Hey while I've got you, a question. I'm so lazy I never switch off of the default model (4o). I pretty much exclusively use ChatGPT for research and making pictures. I get a little tired of the super-happy-enthusiastic thing that 4o is. Would I be better off using o3?
Dude, o3 all the way. I'm pretty much using o3 as my default model.
It self-adjusts the amount of thinking tokens it spends based on the task. So for quick, simple questions, it'll respond almost as fast as standard models. For complex tasks, it'll use tools and do thorough research to give you a well-reasoned answer. It's great for anything that goes beyond simple chat, and it doesn't have the "happy sycophantic chatty go go" vibe of default GPT-4o.
If you have the chance, take o3 for a spin.
Daniel, your experiment is brilliant—not just for showcasing LLM quirks, but for revealing what truly makes writing human. Your self-aware humor and layered observations turn a tech test into a creative critique. Section #4's subtlety proves your point: authenticity lives in the unsaid. More of this, please.
Glad you enjoyed it, Alex!
Daniel,
I’ve been experimenting with Claude, ChatGPT and Gemini, doing much the same thing. I agree with you about sticking with one LLM at a time. As a writer, you can build up your own rhythm. As a LLM, it will pick up on the “map” you’re describing (what’s important to you). One question: Do any of the LLMs you’re using have specific custom instructions, either in your settings or in the project you set up? That might cover the part of the iceberg under the water. I’ve found that uploading documents that tell the LLMs who I am as a writer, what my story is about (for me / for the audience), and how I want it to work with me helps to get great results.
Because, as you’ve noted, this isn’t a great result. It’s… okay. Okay enough to be and experiment. But as writers, we can get more out of AI.
Thanks for all your great posts / work!
Hey Fred,
Thanks for sharing your experience. You've worked much more with LLMs on fiction since that's your main focus, so it's great to have your insights!
To answer your question: No, there are no custom instructions or other context beyond the prompt. (I even intentionally opened GPT-4o in "Temporary Chat" mode to prevent it from tapping into its usual memory.) That was the whole point: I wanted to test "vanilla" LLM output without attempts to feed them any world-building elements, tone-of-voice guidelines, etc.

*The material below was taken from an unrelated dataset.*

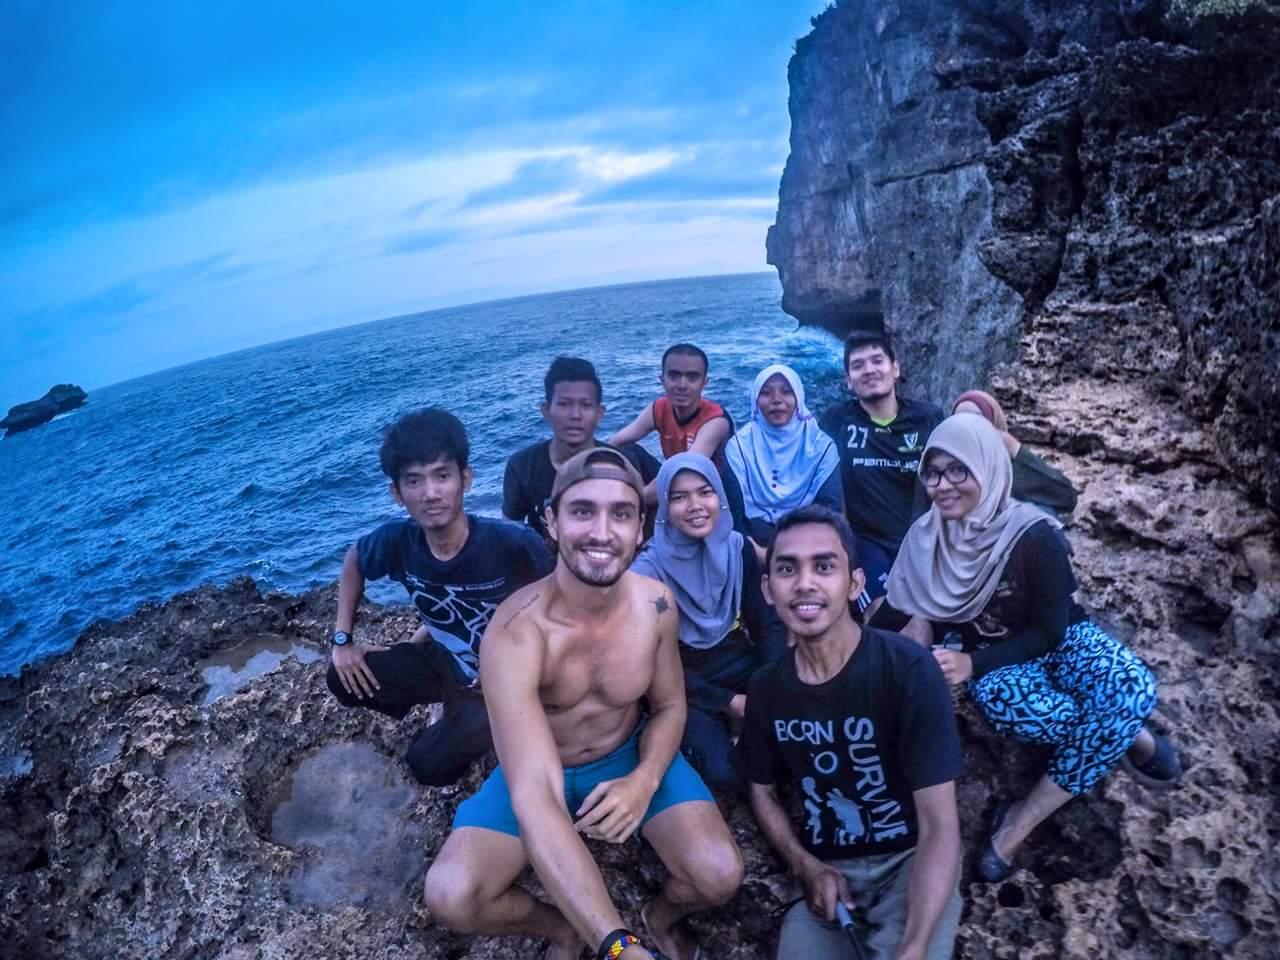 My Indonesian crew

My goal was precisely to establish whether LLMs can pass as humans "out of the box," without advanced prompting techniques, additional context, etc.
I should've probably made that clearer from the get-go.
I have no doubt that any LLM can become a much better writer with proper context, your writing style, story map, and so on.
But it's quite telling that even without all that, LLMs are no longer as easy to identify as many of us like to believe!